§ **Information provided**:
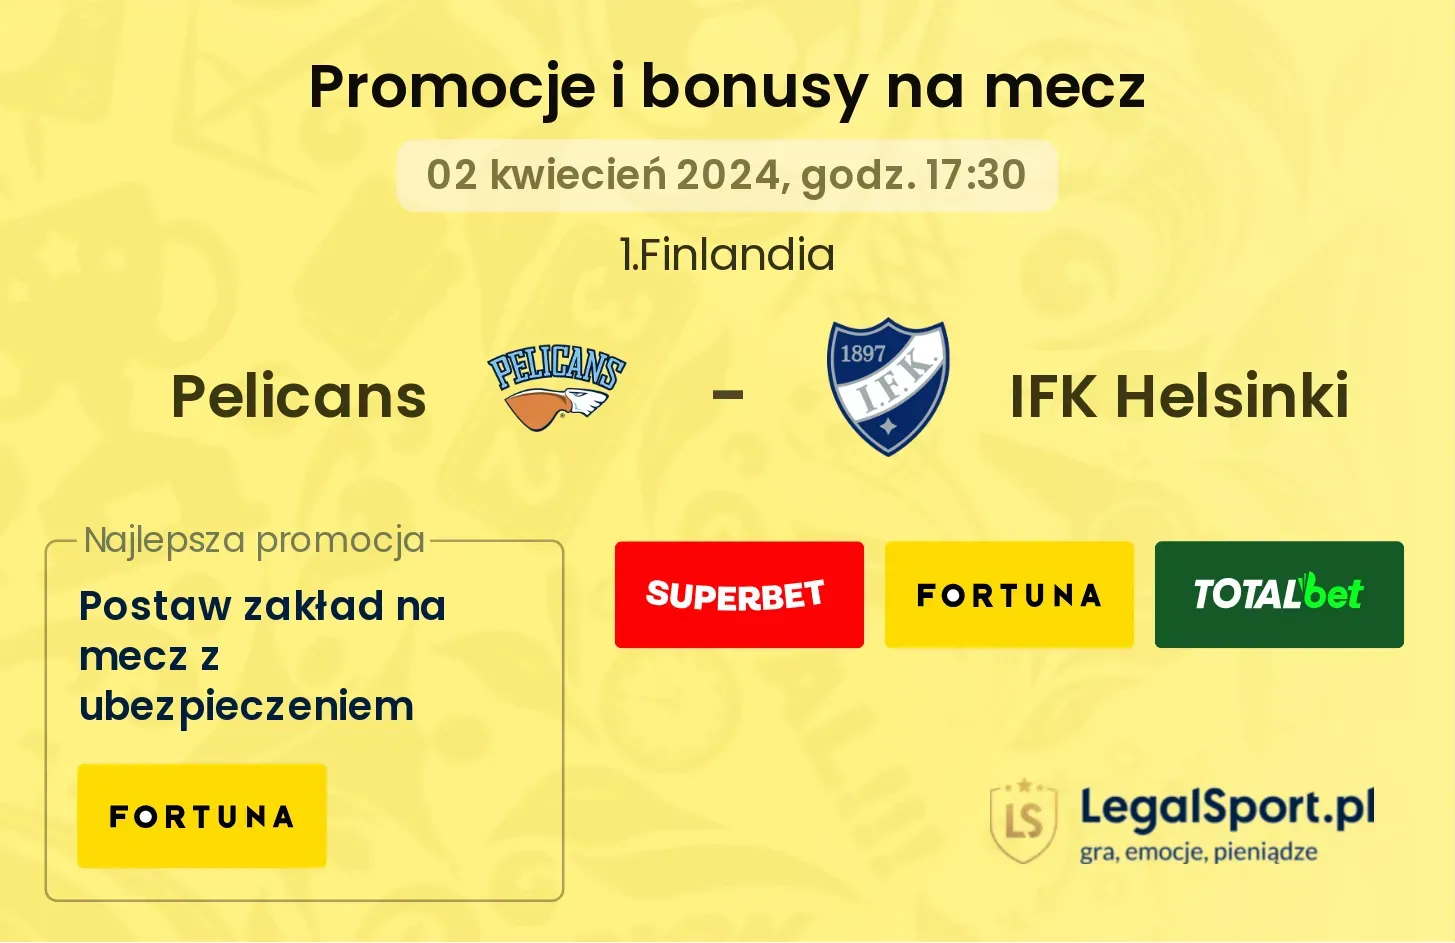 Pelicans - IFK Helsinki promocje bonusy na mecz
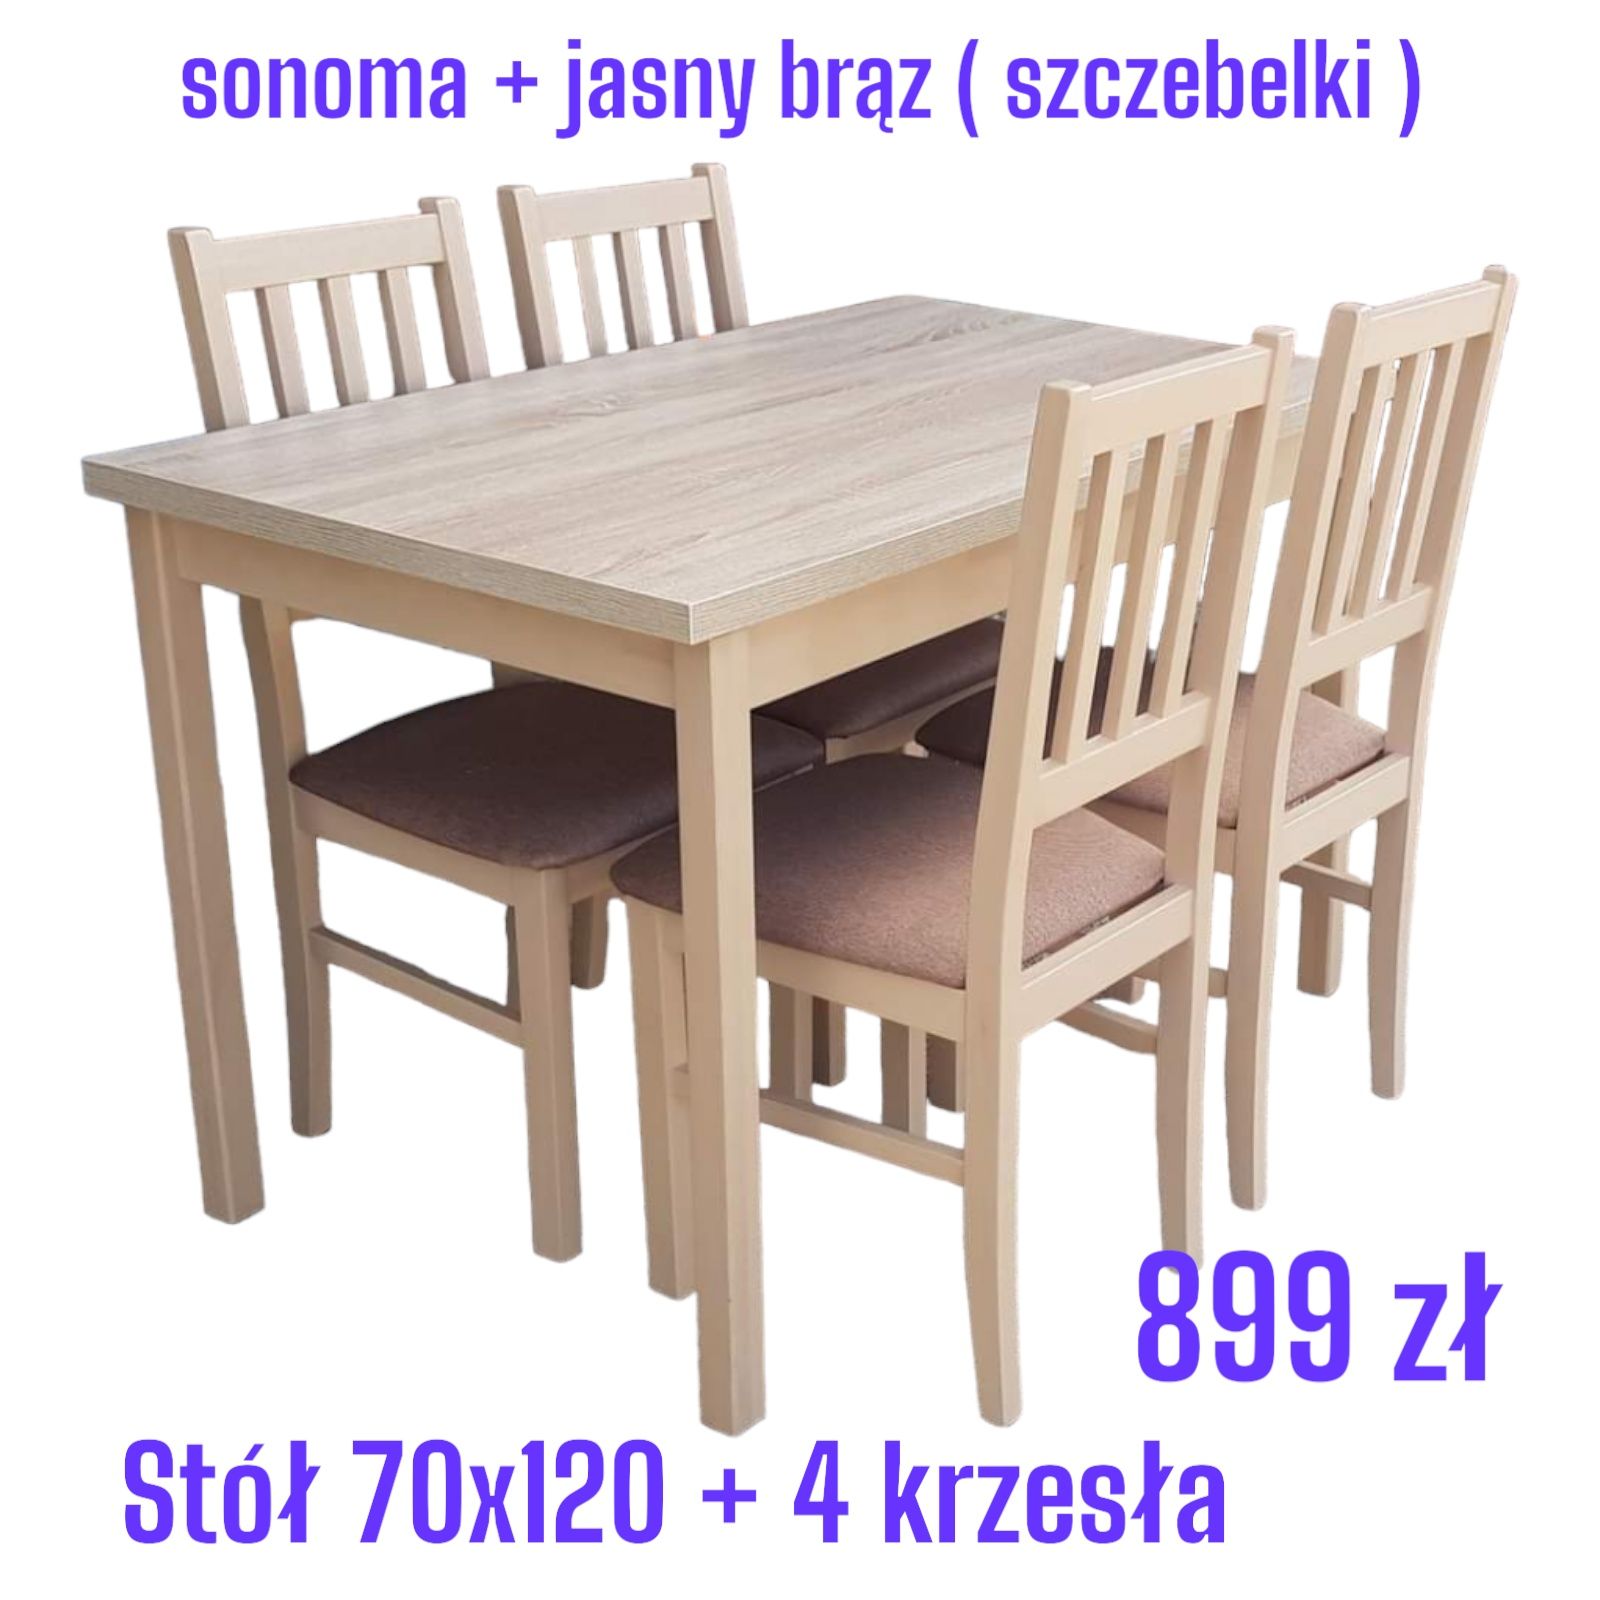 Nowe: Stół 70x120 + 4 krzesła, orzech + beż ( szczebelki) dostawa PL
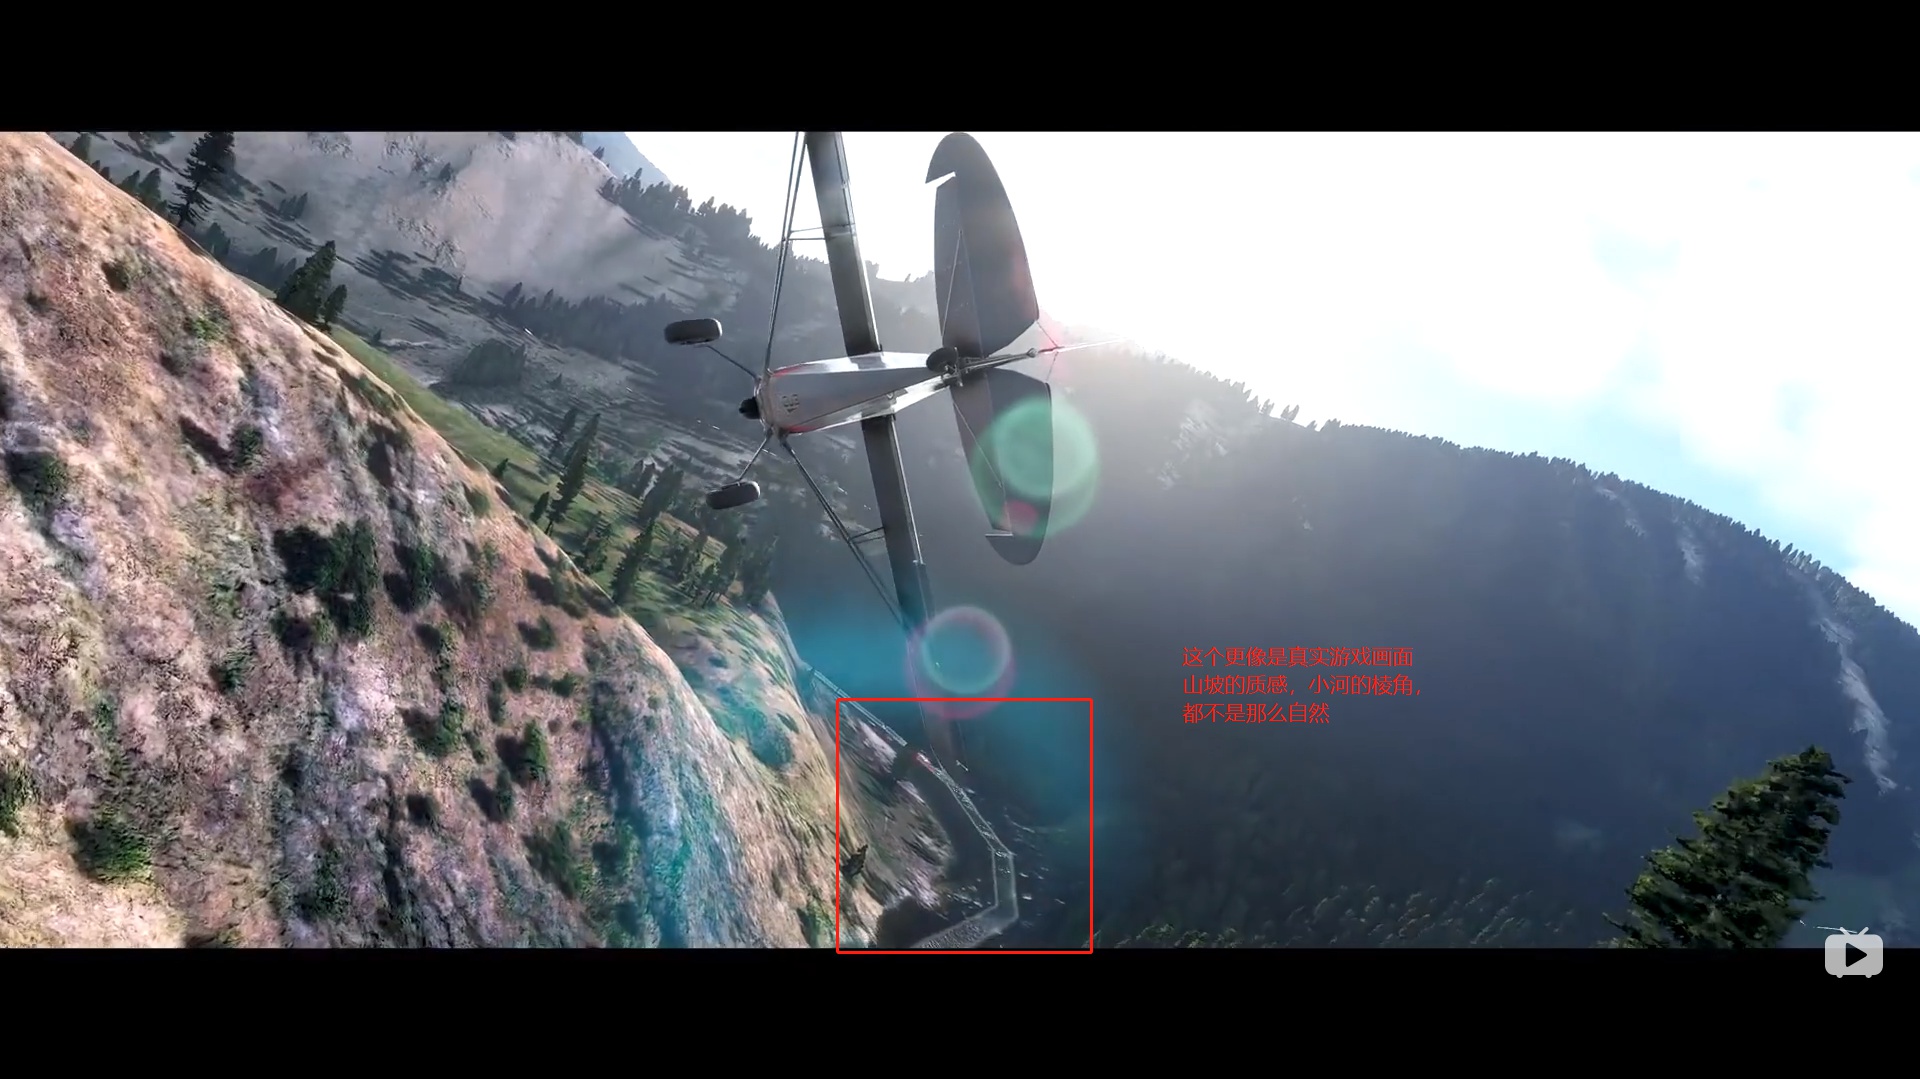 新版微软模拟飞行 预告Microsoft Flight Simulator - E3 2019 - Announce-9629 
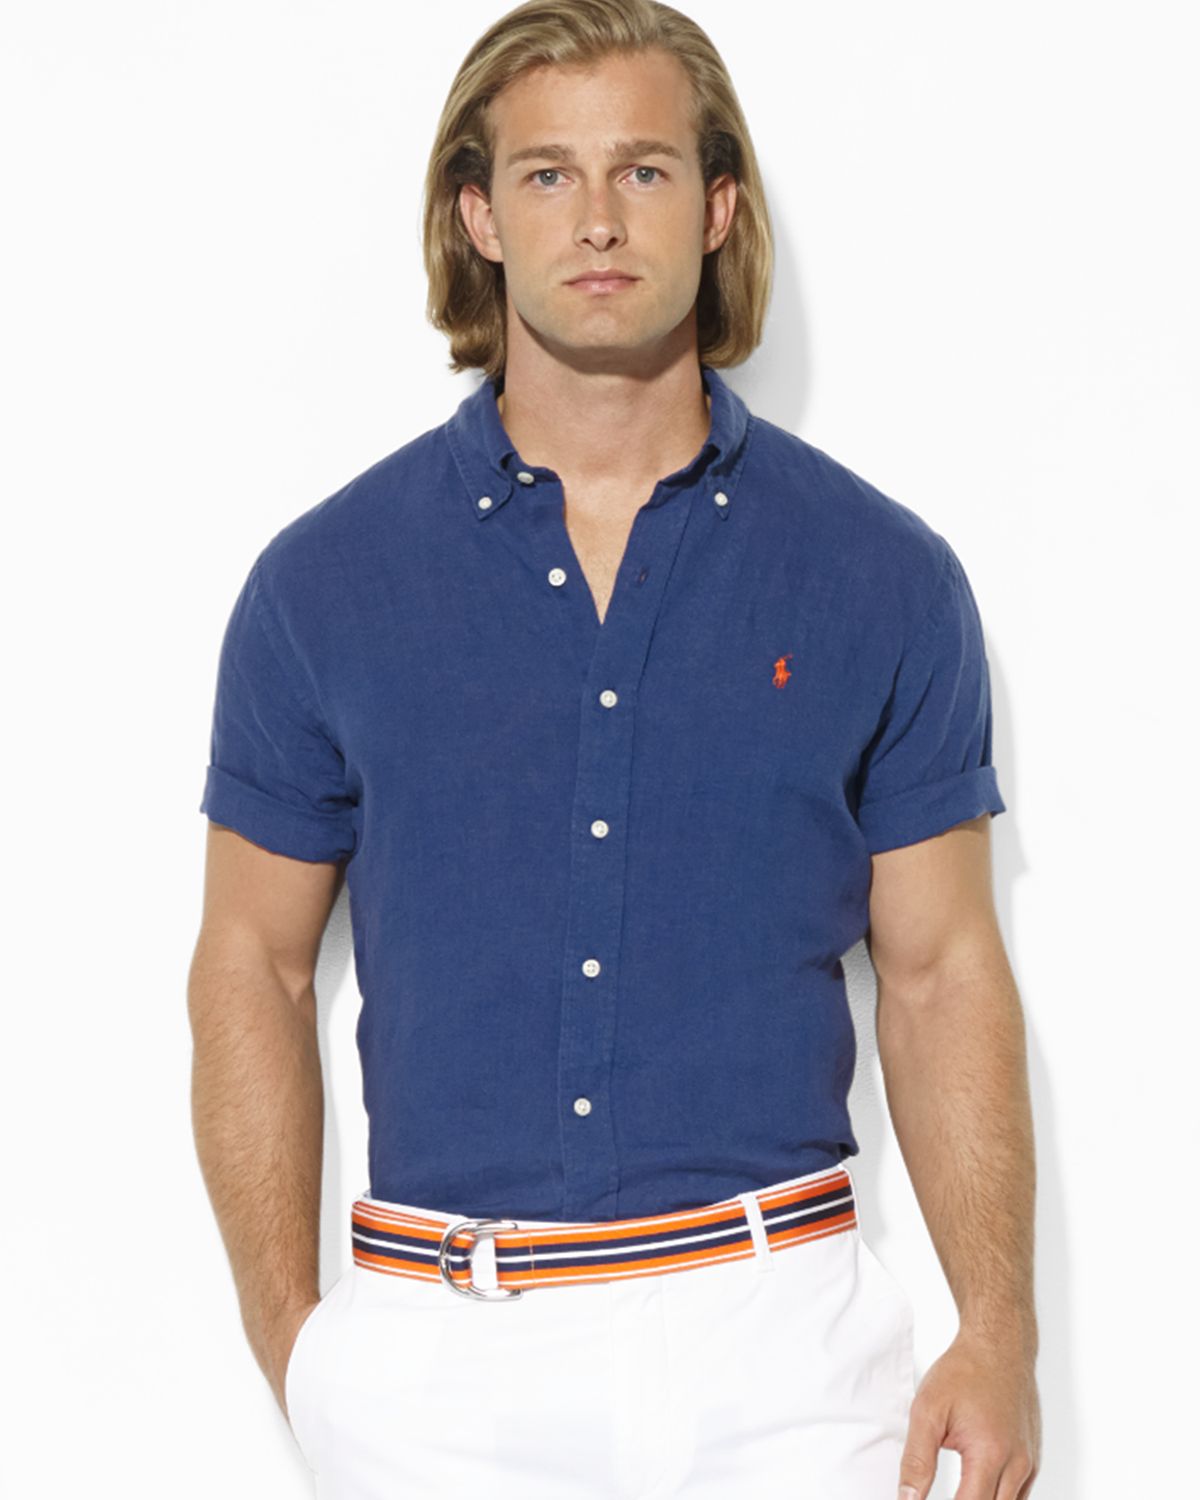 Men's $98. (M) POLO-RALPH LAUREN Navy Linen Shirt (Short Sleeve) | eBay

§ **Exercise instructions**: Leave out the pictures and repeat the remaining data exactly.

§ **Problem solution**:
 Pelicans - IFK Helsinki promocje bonusy na mecz
 Nowe: Stół 70x120 + 4 krzesła, orzech + beż ( szczebelki) dostawa PL
 新版微软模拟飞行 预告Microsoft Flight Simulator - E3 2019 - Announce-9629 
 Men's $98. (M) POLO-RALPH LAUREN Navy Linen Shirt (Short Sleeve) | eBay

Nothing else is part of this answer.